WORK INSTRUCTION: Scan the entries below. Report each line where the string "from" occurs.

──────── DATASET RECORDS ────────

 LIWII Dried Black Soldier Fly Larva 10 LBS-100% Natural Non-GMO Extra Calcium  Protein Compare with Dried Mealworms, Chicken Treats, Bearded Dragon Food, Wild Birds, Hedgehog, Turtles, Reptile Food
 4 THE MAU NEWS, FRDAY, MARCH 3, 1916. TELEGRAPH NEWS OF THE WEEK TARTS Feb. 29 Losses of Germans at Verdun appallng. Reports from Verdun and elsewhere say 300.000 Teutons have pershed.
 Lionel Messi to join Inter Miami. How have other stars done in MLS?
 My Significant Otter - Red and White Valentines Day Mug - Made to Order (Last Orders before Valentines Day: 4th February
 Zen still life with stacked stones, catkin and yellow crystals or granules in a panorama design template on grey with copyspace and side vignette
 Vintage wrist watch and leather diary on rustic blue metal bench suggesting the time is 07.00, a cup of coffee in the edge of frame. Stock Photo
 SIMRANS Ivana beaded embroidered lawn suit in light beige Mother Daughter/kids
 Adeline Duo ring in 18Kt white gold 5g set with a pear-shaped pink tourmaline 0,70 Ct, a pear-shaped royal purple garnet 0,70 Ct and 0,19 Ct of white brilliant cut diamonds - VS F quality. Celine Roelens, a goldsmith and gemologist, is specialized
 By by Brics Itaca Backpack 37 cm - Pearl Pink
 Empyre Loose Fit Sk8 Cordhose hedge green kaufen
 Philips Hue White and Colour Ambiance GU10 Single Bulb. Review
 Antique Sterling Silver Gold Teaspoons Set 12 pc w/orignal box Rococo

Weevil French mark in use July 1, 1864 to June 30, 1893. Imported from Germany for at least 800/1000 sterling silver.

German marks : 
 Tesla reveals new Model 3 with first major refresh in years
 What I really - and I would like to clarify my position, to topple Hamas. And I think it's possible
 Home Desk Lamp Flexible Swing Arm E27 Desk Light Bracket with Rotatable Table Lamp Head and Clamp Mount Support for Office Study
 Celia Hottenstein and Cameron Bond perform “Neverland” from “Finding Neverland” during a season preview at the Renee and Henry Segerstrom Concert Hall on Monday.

────────

WRITTEN RESPONSE:
 4 THE MAU NEWS, FRDAY, MARCH 3, 1916. TELEGRAPH NEWS OF THE WEEK TARTS Feb. 29 Losses of Germans at Verdun appallng. Reports from Verdun and elsewhere say 300.000 Teutons have pershed.
Weevil French mark in use July 1, 1864 to June 30, 1893. Imported from Germany for at least 800/1000 sterling silver.
 Celia Hottenstein and Cameron Bond perform “Neverland” from “Finding Neverland” during a season preview at the Renee and Henry Segerstrom Concert Hall on Monday.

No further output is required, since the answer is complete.